Дверь веранды была закрыта, но замка не было. Моя нерешительность не давала некоторое время зайти в дом, и я прошёл в огород, калитка в который была открыта. Он, как и всё вокруг, представлял собой сплошной зелёный ковёр, заросший высокой травой. На некоторых яблонях ветви были сломаны, держась одной стороной за ствол, а их верхушки с яблоками лежали на земле. Вероятно, это было следствием обильных урожаев, нашествия вредителей и сильных ветров.

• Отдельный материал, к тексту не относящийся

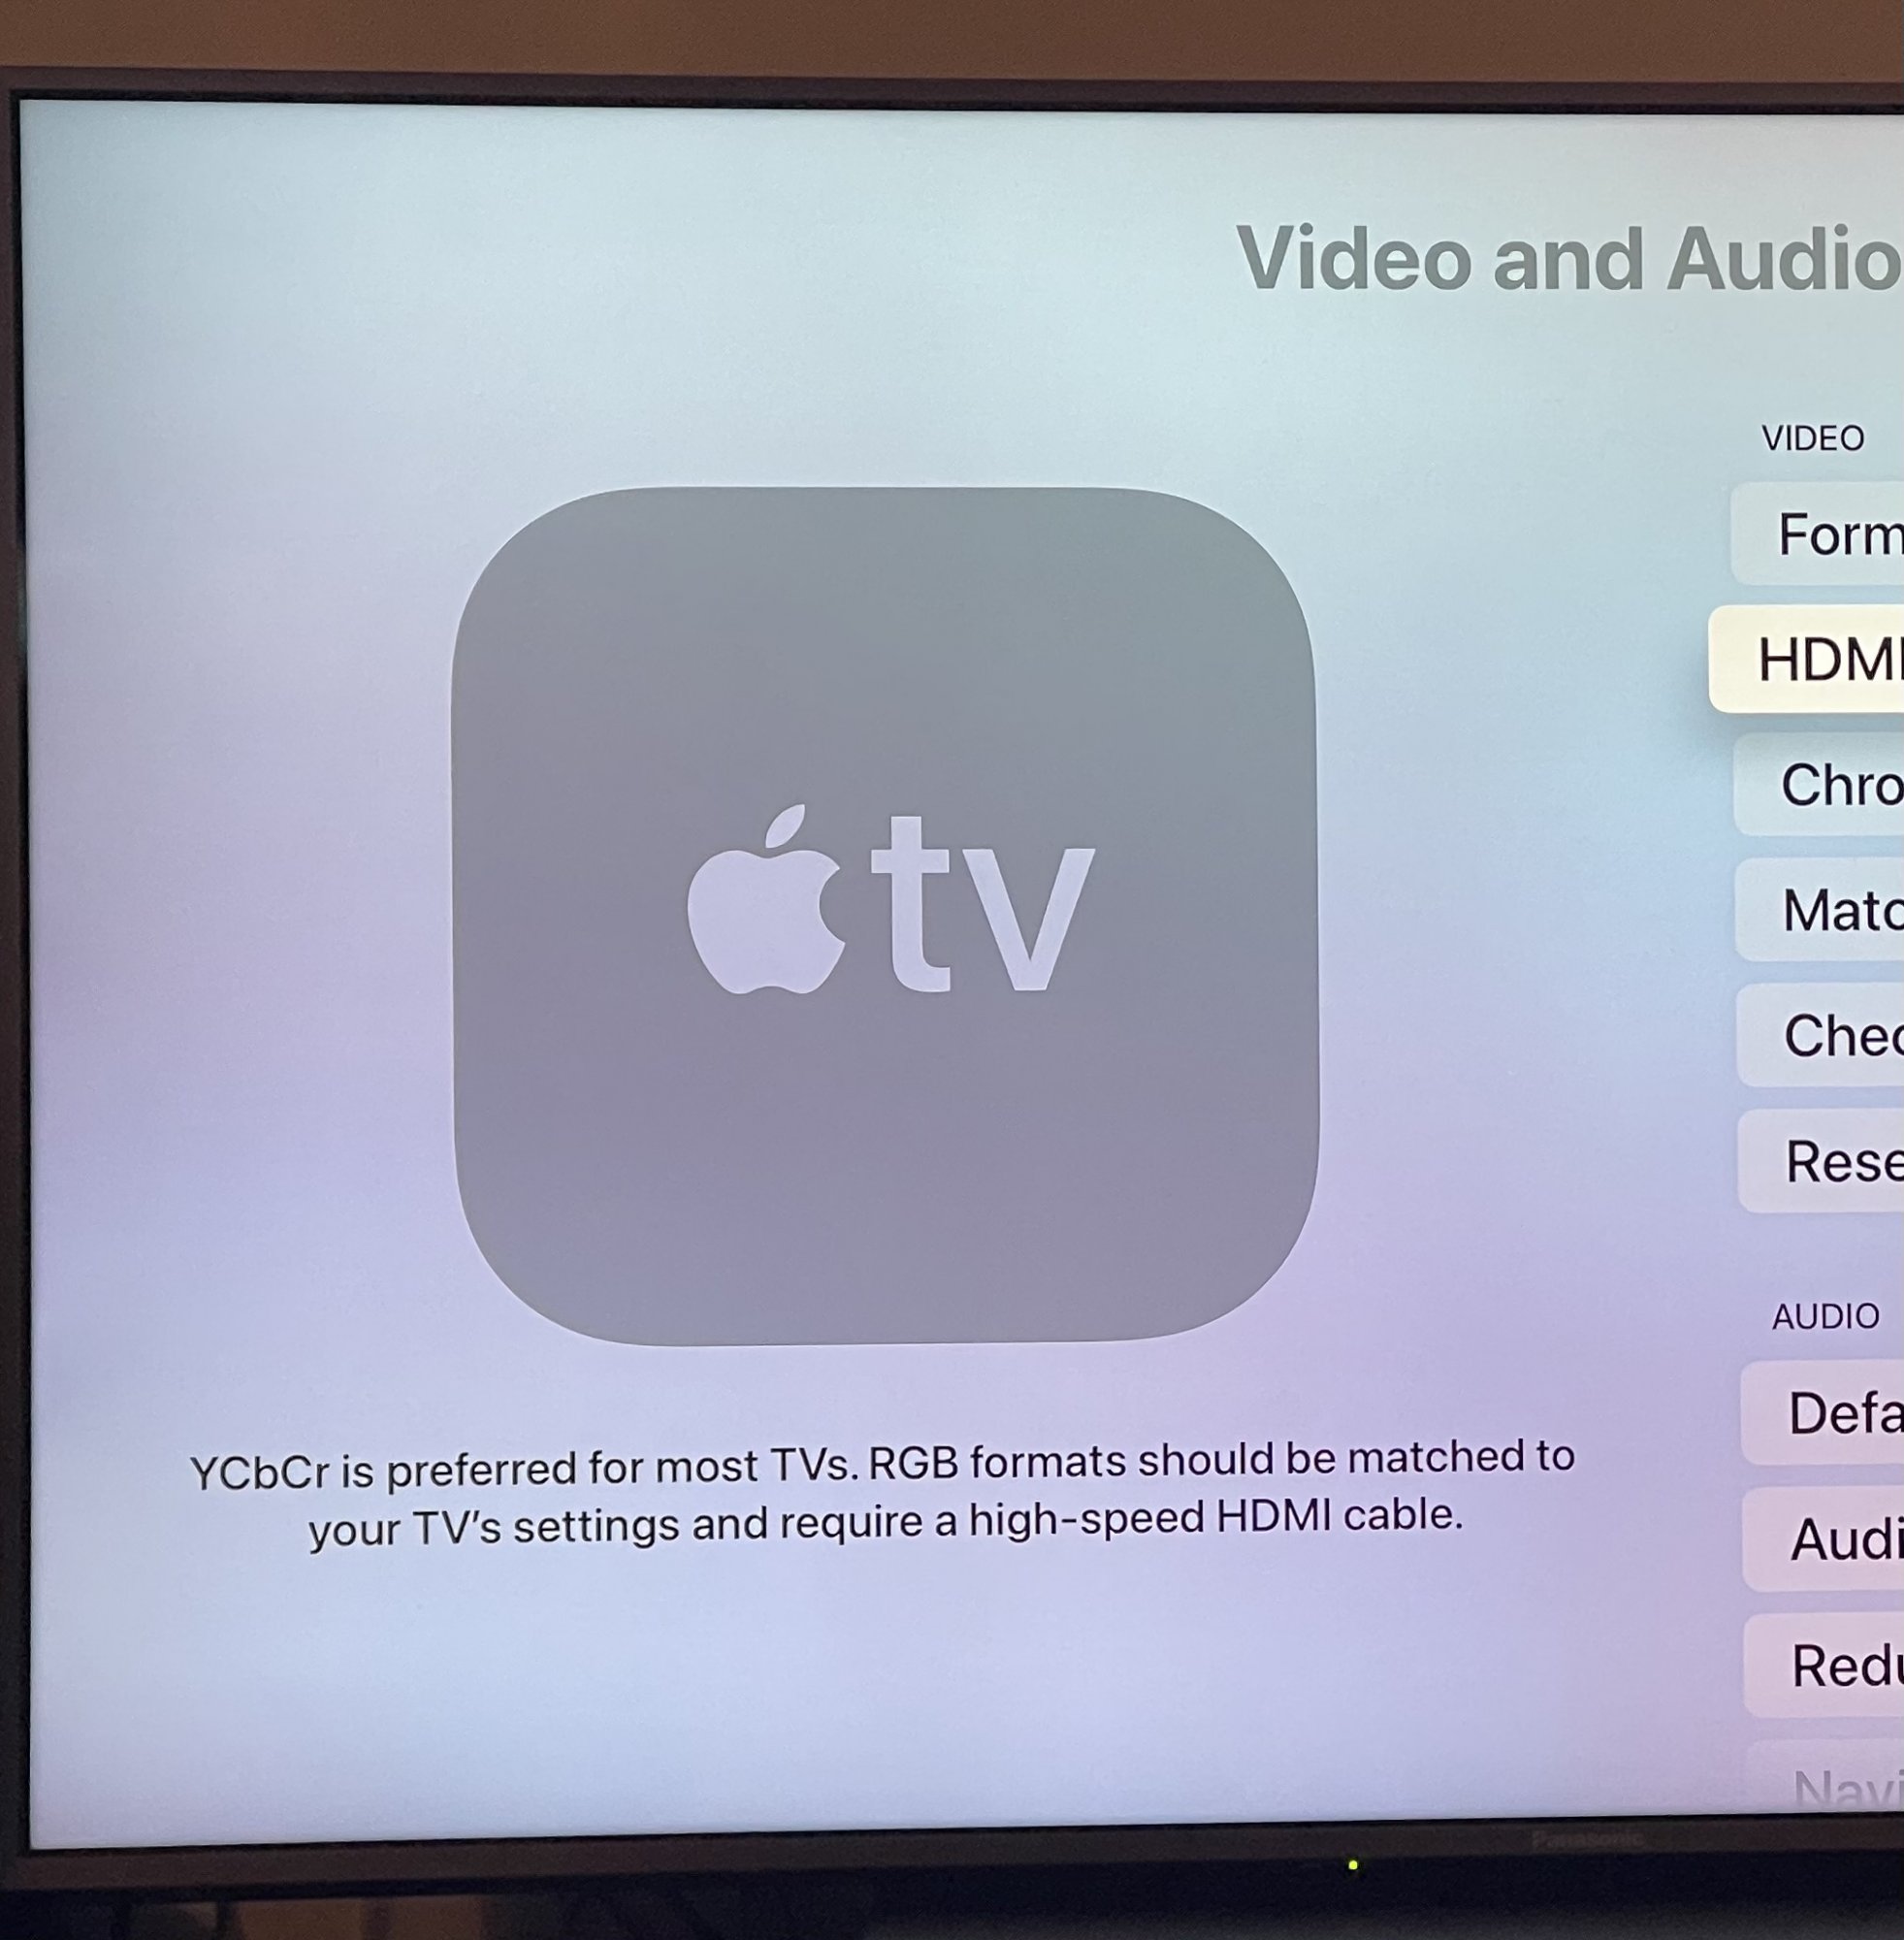 erstatte Gulerod Æsel Should Apple TV be set to YcB or RGB High? | MacRumors Forums

Пробираясь сквозь траву, я подошёл к столику со скамейкой, сделанными мной много лет назад. Недалеко была баня, я это знал, но сейчас не видел её. Появилось желание проверить, на месте ли она?

Раздвигая впереди себя руками траву, я подошёл к бане и тронул низкое оконце, которого не было видно из-за бурьяна, плотной стеной обступившего баню. Убедился, что никуда она не делась – была на прежнем месте, и снова вернулся к скамейке. За много лет линолеум, которым были покрыты столик и скамейка, полностью утратил свой рисунок и превратился в нечто грязно-серое.

Вид стола напомнил о том, что с момента вчерашней остановки на перекус прошло уже не менее десяти часов и мне очень хочется есть. Чай из термоса прогонял в дороге сон и чувство голода. Но теперь всё, пора поесть.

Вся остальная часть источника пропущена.